Los participantes en el estudio fueron separados en dos grupos. Un grupo recibió el tratamiento habitual para un ataque de asma (una pastilla antiinflamatoria de alta potencia y tratamientos respiratorios), además de azitromicina. El otro grupo recibió el tratamiento estándar para un ataque de asma más un placebo o una pastilla de azúcar. Para ayudar a reducir la confusión, los investigadores excluyeron a los pacientes de asma que habían tomado antibióticos, por cualquier motivo, durante las cuatro semanas anteriores al estudio. Al final del estudio, los investigadores concluyeron que ambos grupos se recuperaron de sus ataques de asma al mismo tiempo. velocidad.

Esto significa que la azitromicina no hizo que las personas se recuperaran mejor o más rápido, y aquellos que no recibieron azitromicina aún mejoraron.

Entonces, ¿debería tomar antibióticos para el asma? No, pero hay raras excepciones.

Hay varias conclusiones de este estudio. En primer lugar, la azitromicina no supuso ninguna diferencia para que las personas con ataques de asma se sintieran mejor. Como médico, esto tiene mucho sentido para mí. La azitromicina fue el antibiótico recetado con más frecuencia en los EE. UU. en 2010 y sigue prescribiéndose en gran medida en la actualidad. Pero su popularidad tiene un costo. Muchas de las bacterias que típicamente causan infecciones respiratorias en adultos se han vuelto resistentes. Además, la mayoría de los adultos con ataques de asma tendrán infecciones respiratorias virales y los antibióticos no matan los virus. Es por eso que rara vez prescribo un antibiótico para un ataque de asma. Cuando lo hago, rara vez prescribo azitromicina, porque solo funcionará en una pequeña fracción de bacterias. Ciertamente hay algunas excepciones; los fumadores, en particular, pueden ser diferentes.
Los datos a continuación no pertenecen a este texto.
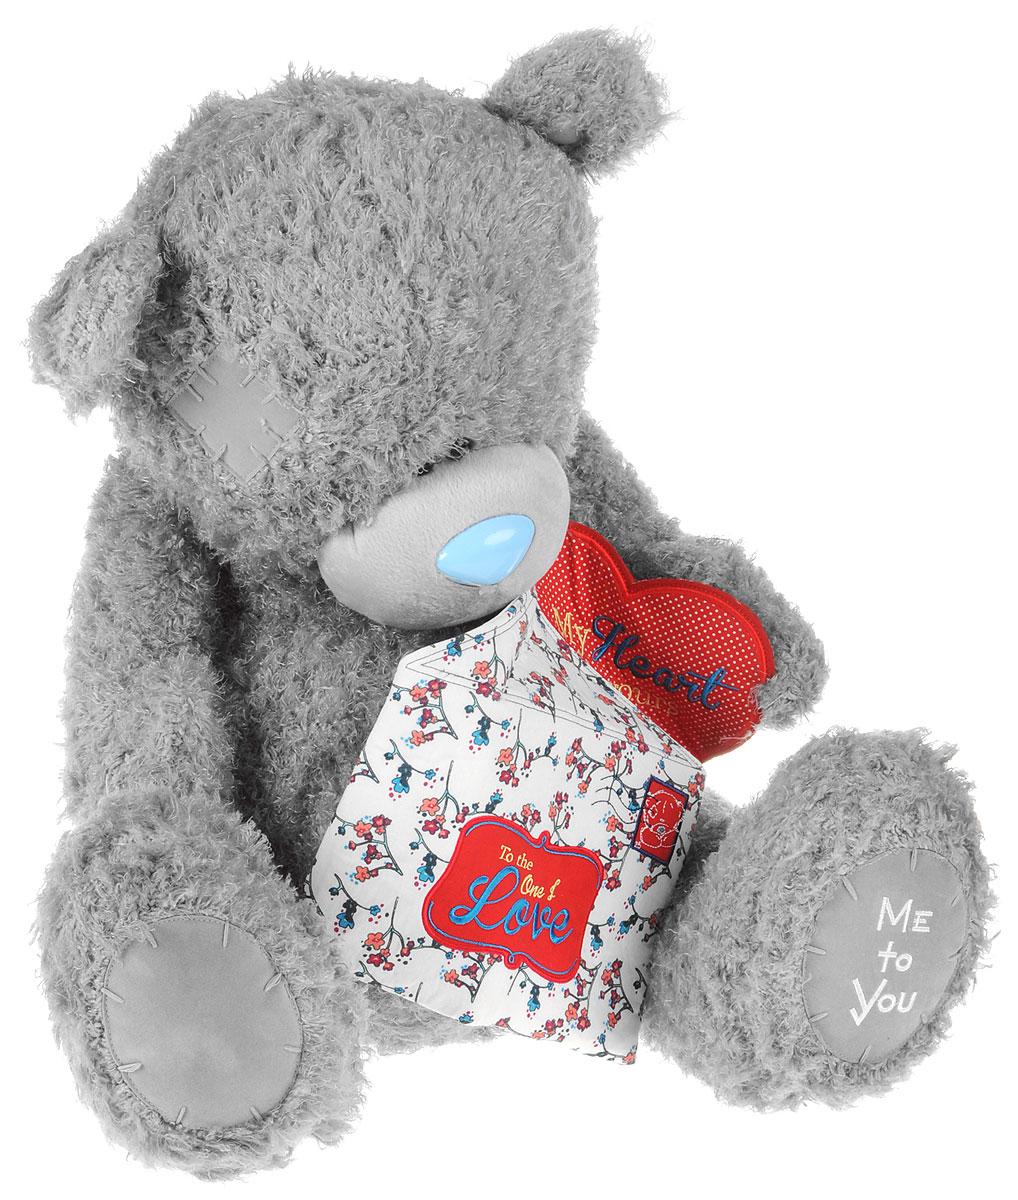 Me to You Мягкая игрушка Мишка Тедди 62 см брелок игрушка мягкая серия me to you 8см в асс g01w3805
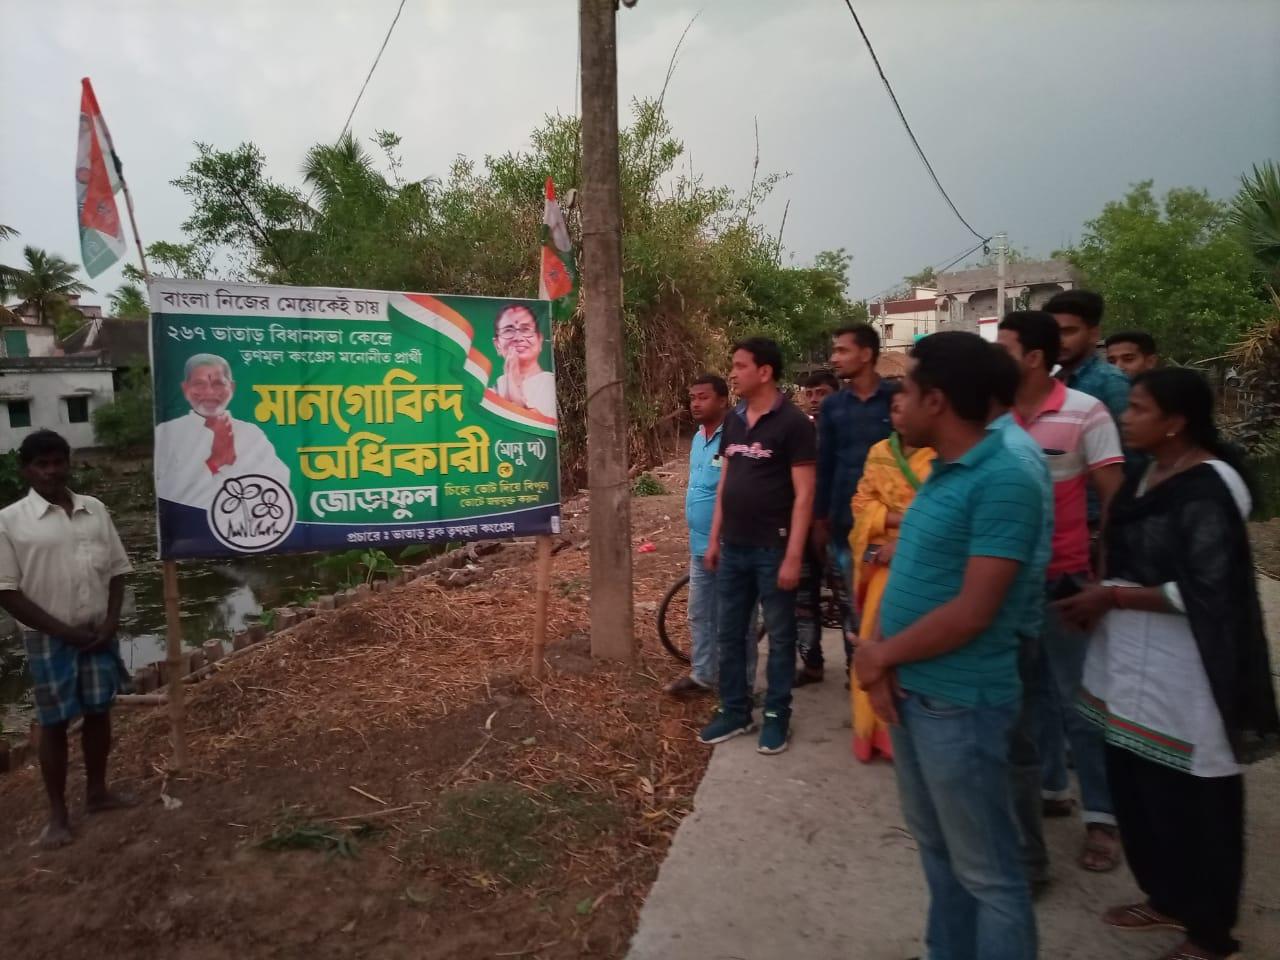 WB Election 2021: CM Mamata Banerjee's picture distorted at Bhatar | Sangbad Pratidin

Pero en general, los resultados de este estudio tienen sentido intuitivo.

Una segunda conclusión muy interesante fue que el 90% de los asmáticos considerados inicialmente para participar en este estudio habían recibido antibióticos en el mes anterior. No sabemos por qué se recetaron estos antibióticos, pero la tasa de antibióticos recetados para personas con asma es preocupante. El sentido común me hace sospechar que esta es una tasa demasiado alta de prescripción de antibióticos. Todavía nunca he tenido la necesidad de dar antibióticos a 9 de cada 10 pacientes que veo. Esto me preocupa que los antibióticos puedan recetarse en exceso a los asmáticos, y me gustaría saber por qué.

Espero que todos tengan un invierno lo más saludable posible, lleno solo de muñecos de nieve, fuegos cálidos y chocolate caliente. Para las personas que padecen asma, espero que sepan que investigaciones como esta nos ayudan a los proveedores a aprender cómo cuidarlos mejor. Y ese es un pensamiento muy cálido.